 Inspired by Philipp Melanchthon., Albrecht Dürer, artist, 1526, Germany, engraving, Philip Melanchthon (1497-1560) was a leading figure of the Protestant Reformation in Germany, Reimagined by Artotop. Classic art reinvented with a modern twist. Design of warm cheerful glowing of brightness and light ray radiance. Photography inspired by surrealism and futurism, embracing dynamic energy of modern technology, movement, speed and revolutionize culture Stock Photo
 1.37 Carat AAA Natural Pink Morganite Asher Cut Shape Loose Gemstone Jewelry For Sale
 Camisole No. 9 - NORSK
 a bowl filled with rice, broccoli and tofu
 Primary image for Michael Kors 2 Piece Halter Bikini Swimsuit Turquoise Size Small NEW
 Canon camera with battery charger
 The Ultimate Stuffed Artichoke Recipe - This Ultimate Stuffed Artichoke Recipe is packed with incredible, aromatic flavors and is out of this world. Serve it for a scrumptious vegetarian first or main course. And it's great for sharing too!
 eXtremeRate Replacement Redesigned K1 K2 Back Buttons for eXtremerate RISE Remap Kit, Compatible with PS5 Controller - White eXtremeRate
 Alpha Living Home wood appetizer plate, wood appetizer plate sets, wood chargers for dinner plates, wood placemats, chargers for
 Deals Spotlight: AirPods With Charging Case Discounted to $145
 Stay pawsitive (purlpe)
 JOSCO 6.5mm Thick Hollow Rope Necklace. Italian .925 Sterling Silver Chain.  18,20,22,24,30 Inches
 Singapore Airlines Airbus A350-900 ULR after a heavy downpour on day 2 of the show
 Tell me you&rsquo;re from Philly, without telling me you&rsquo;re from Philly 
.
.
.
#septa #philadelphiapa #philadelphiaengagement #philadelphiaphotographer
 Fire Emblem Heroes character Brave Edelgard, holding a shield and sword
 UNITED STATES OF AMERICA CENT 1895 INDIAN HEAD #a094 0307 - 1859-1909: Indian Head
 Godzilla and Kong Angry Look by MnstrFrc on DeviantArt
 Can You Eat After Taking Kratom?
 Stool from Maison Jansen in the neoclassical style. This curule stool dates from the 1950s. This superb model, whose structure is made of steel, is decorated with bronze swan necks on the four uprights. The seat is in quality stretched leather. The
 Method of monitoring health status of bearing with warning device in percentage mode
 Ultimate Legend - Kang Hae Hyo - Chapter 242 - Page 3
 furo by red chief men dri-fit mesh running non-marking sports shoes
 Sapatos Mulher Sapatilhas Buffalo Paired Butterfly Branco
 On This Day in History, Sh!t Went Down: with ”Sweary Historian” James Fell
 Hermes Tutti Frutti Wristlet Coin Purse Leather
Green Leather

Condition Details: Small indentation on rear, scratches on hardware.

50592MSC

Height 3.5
· · · · ·
▸ **What is being asked**
Return each line of the material above that holds the string "Ultimate".

▸ **Task answer**
 The Ultimate Stuffed Artichoke Recipe - This Ultimate Stuffed Artichoke Recipe is packed with incredible, aromatic flavors and is out of this world. Serve it for a scrumptious vegetarian first or main course. And it's great for sharing too!
 Ultimate Legend - Kang Hae Hyo - Chapter 242 - Page 3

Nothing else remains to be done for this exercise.